The end of the Cold War and the new international realities that emerged forced India to recognize that non-alignment without political, economic and military muscle was not a workable concept and that if India was to actualize its latent great power potential, it had to shed its ideological obsession with non-alignment and join the international power game in the spirit of the REALISM school of political thought. India today is being widely accepted as an emerging key global player and figuring in the strategic calculus of USA, Russia, China and the EU as a force to reckon with it has achieved this only after discarding the archaic concept of Non-Alignment that it obsessively followed for four decades. Indians of the current generation who would be moving India to its rightful future would naturally question India’s losses as a result of the Non-Alignment Doctrine of India’s foreign policy?

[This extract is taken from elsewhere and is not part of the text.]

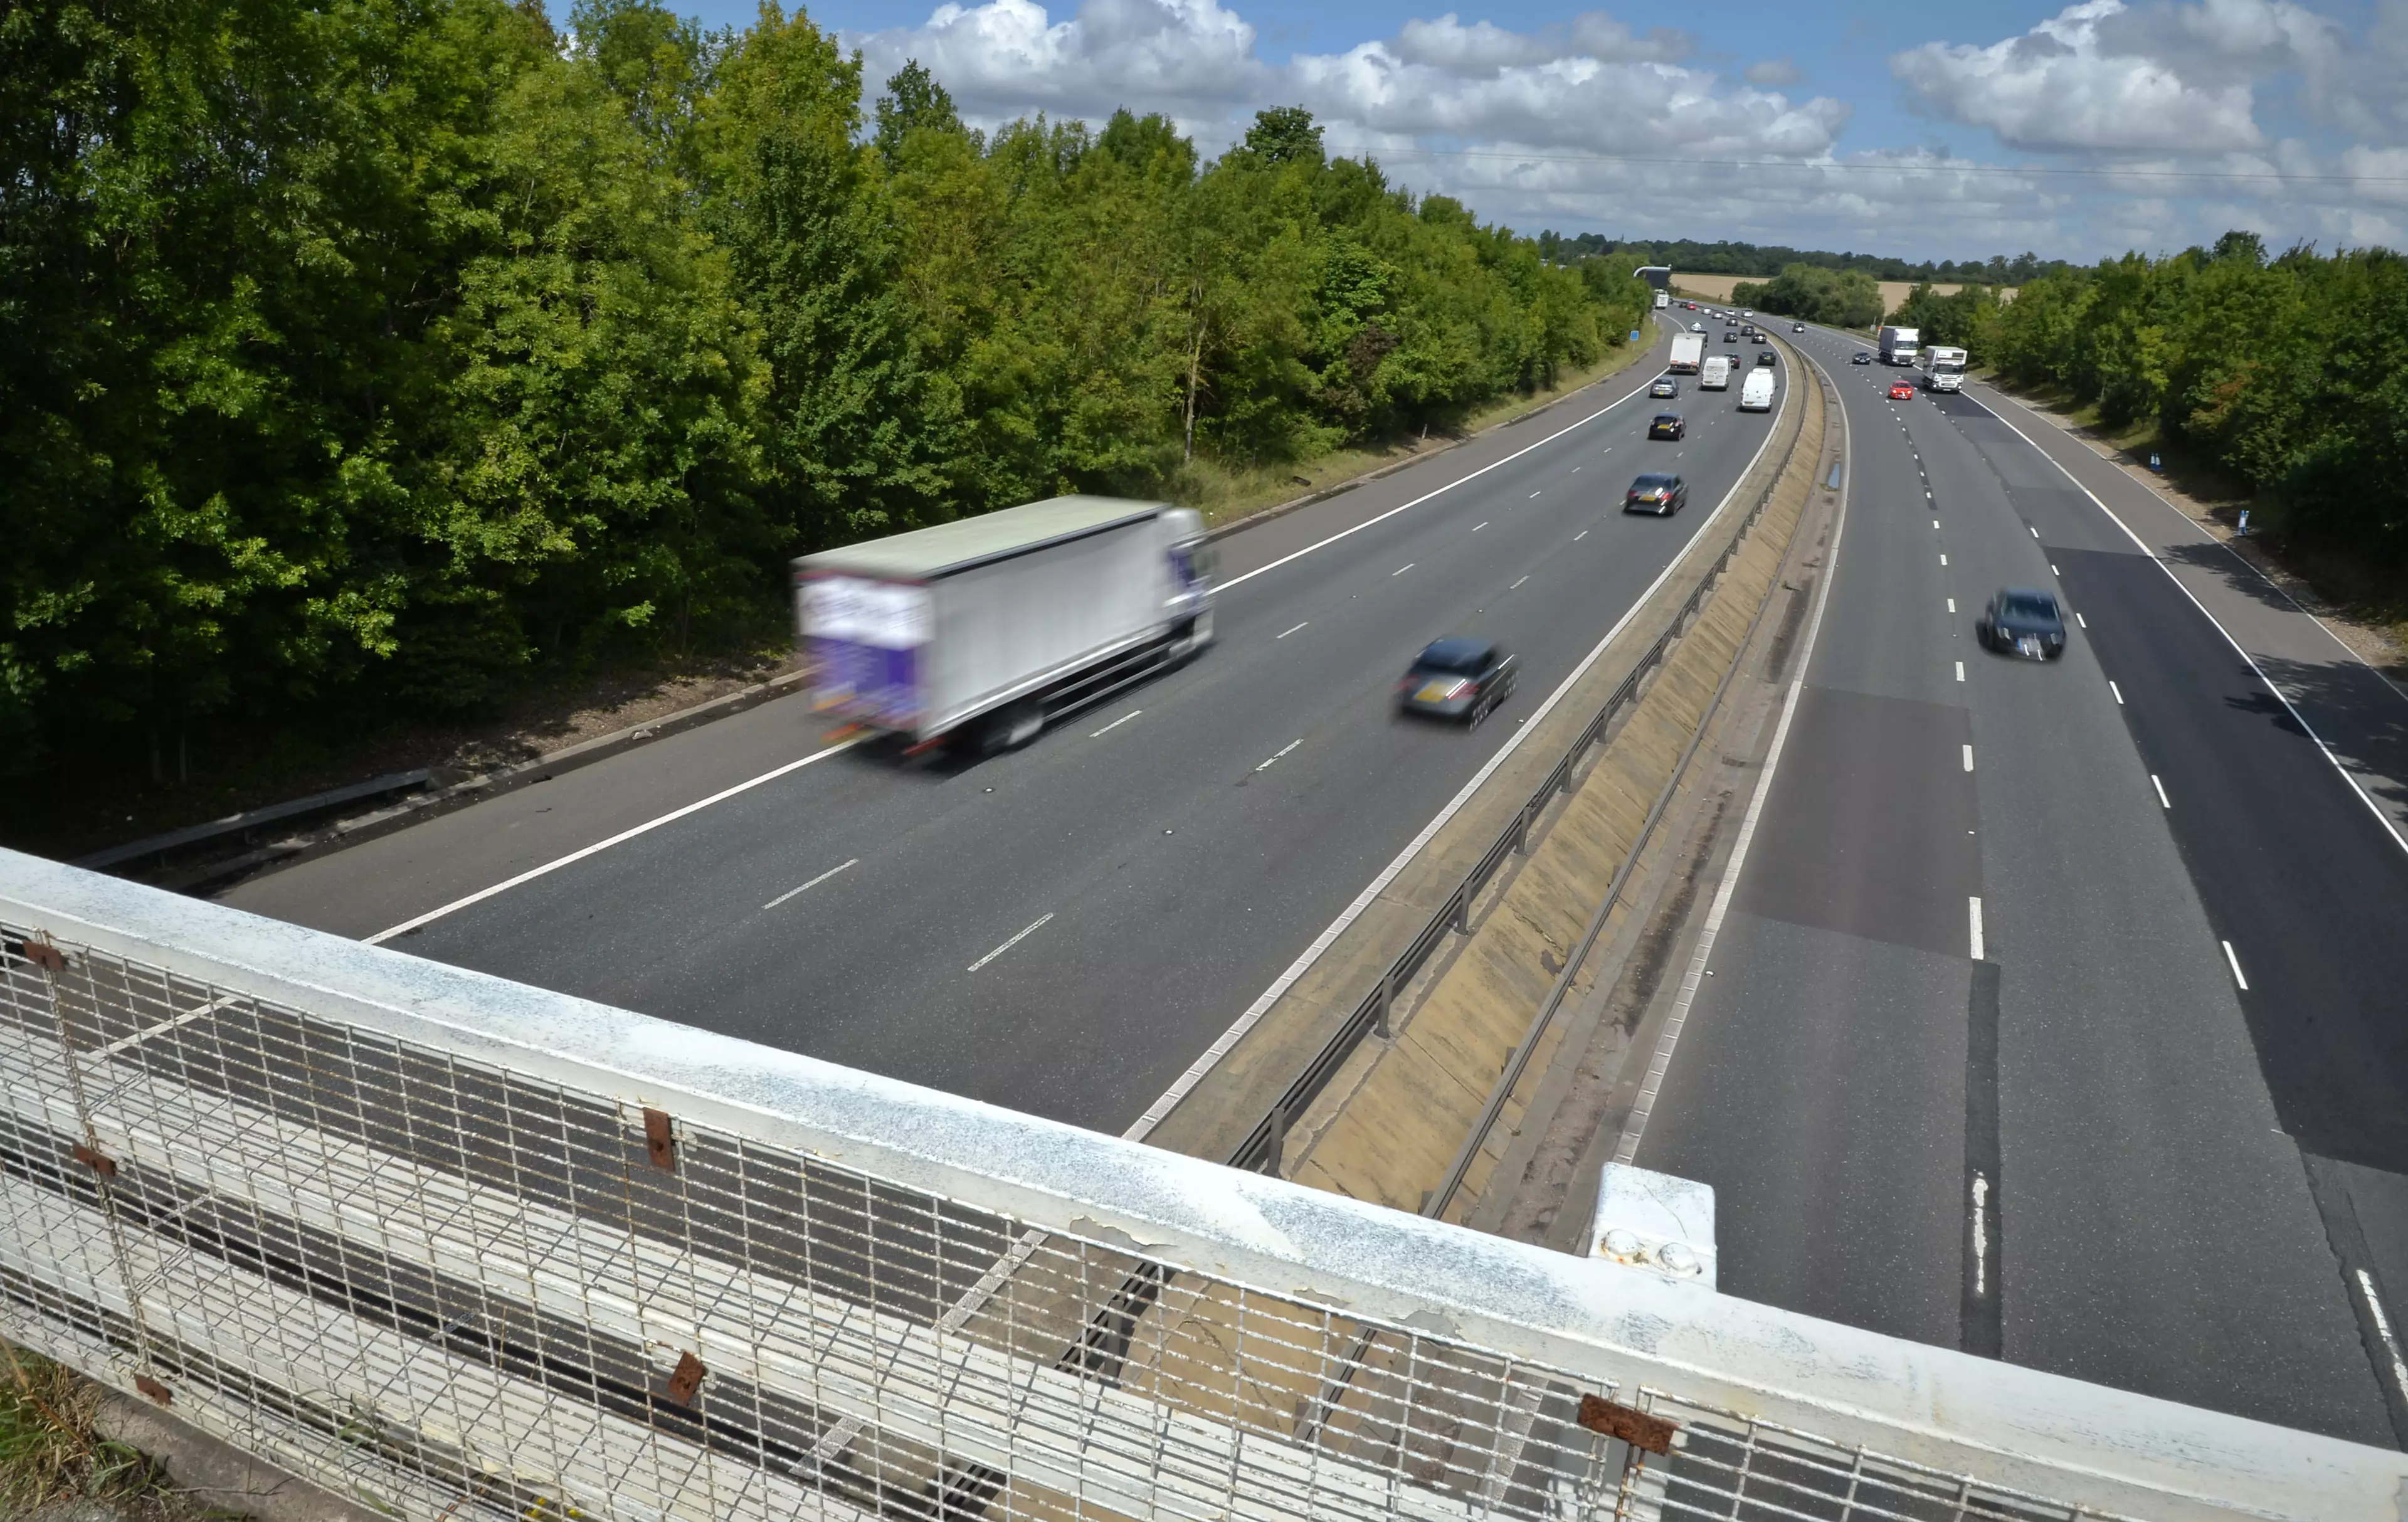 Parts of the M11 are hotspots for rubbish thrown from cars.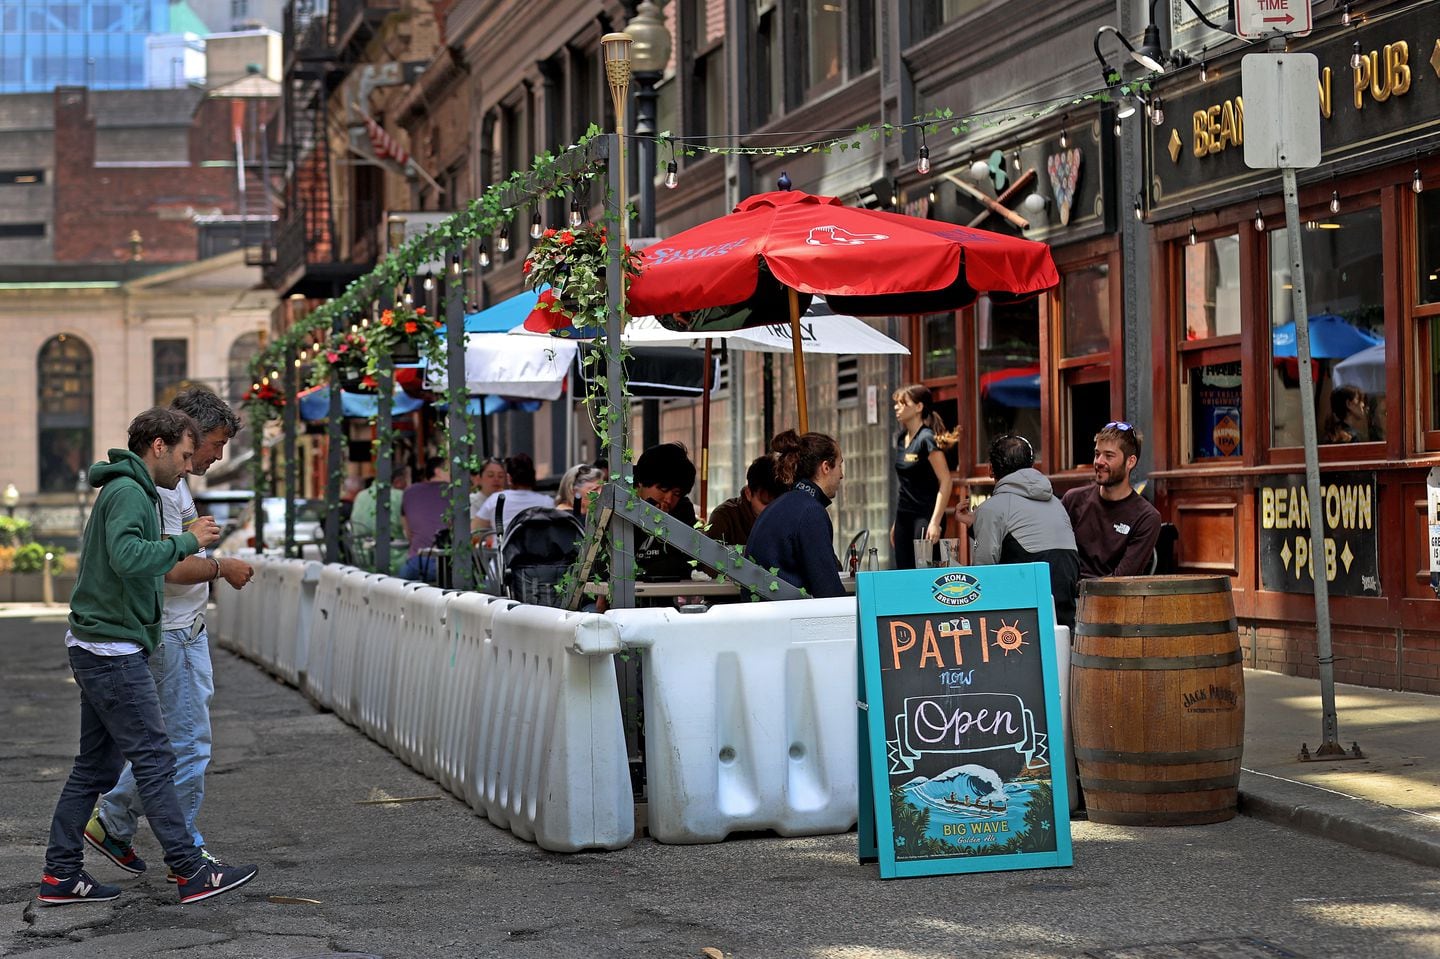 The outdoor patio at Beantown Pub on Tremont Street this season.

India’s losses inspite of having NAM policy are as follows: It suffered as threat perceptions were de-emphasized and defence preparedness was ignored. It led to India’s military debacle against China in 1962. It also severely impeded the evolution of independent India’s appropriate strategic culture with the obsessive commitment to Pacifism and peace even at the cost of national security interests. It stood confined to NAM countries as political penetration into global political groupings and strategic partnerships was a taboo as per non-alignment precepts and these partnerships were not open to India bound down by such precepts. India was self-prevented from integrating itself into a globalized economy and reaping the benefits of FDI, income generation and jobs generation. Socialistic pattern of economies was the hallmark of NAM countries. The result was poor rates of economic growth and stagnant economies which India could ill-afford for poverty-alleviation for its large population.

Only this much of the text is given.